▶ WHAT THIS TASK INVOLVES: Nothing below is to be printed except the lines between the line holding "Ελαφρύ διαφανές εικονίδιο" and the line holding "Billig Offiziellen MARCO", inclusive, each exactly as it appears.
[RECORDS FOR THIS EXERCISE]
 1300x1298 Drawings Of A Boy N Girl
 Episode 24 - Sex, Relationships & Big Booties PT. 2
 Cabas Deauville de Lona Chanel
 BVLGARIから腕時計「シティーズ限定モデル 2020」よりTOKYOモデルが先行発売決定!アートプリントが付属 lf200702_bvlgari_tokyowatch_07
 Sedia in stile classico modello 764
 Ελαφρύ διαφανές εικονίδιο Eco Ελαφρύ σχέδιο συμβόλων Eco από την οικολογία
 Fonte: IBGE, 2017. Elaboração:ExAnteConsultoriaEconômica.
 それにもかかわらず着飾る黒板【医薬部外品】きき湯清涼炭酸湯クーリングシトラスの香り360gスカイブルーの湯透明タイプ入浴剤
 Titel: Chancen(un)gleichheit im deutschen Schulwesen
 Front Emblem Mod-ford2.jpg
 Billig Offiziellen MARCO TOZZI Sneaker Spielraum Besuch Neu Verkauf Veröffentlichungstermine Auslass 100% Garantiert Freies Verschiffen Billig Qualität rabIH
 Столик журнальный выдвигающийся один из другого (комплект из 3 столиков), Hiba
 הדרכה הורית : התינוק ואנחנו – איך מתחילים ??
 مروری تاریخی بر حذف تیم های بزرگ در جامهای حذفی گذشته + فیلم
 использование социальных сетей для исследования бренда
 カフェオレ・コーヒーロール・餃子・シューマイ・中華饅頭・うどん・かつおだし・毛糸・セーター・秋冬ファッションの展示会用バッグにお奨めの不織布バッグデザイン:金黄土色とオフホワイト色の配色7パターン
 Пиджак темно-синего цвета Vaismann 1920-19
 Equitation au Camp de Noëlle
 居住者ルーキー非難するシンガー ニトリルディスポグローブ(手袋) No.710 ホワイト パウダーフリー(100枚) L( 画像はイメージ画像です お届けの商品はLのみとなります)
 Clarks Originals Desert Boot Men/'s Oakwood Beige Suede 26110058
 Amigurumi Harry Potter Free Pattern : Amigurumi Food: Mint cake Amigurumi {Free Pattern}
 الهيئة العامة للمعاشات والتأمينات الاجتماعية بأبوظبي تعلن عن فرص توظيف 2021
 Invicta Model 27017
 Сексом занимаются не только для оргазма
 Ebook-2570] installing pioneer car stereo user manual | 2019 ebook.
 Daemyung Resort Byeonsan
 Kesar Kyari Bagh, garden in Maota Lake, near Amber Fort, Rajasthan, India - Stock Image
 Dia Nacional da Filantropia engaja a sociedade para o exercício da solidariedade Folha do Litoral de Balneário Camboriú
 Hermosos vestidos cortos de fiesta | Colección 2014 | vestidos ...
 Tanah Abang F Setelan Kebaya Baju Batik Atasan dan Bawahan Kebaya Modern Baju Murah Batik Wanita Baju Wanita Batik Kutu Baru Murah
[/RECORDS FOR THIS EXERCISE]
▶ SOLUTION BELOW:
 Ελαφρύ διαφανές εικονίδιο Eco Ελαφρύ σχέδιο συμβόλων Eco από την οικολογία
 Fonte: IBGE, 2017. Elaboração:ExAnteConsultoriaEconômica.
 それにもかかわらず着飾る黒板【医薬部外品】きき湯清涼炭酸湯クーリングシトラスの香り360gスカイブルーの湯透明タイプ入浴剤
 Titel: Chancen(un)gleichheit im deutschen Schulwesen
 Front Emblem Mod-ford2.jpg
 Billig Offiziellen MARCO TOZZI Sneaker Spielraum Besuch Neu Verkauf Veröffentlichungstermine Auslass 100% Garantiert Freies Verschiffen Billig Qualität rabIH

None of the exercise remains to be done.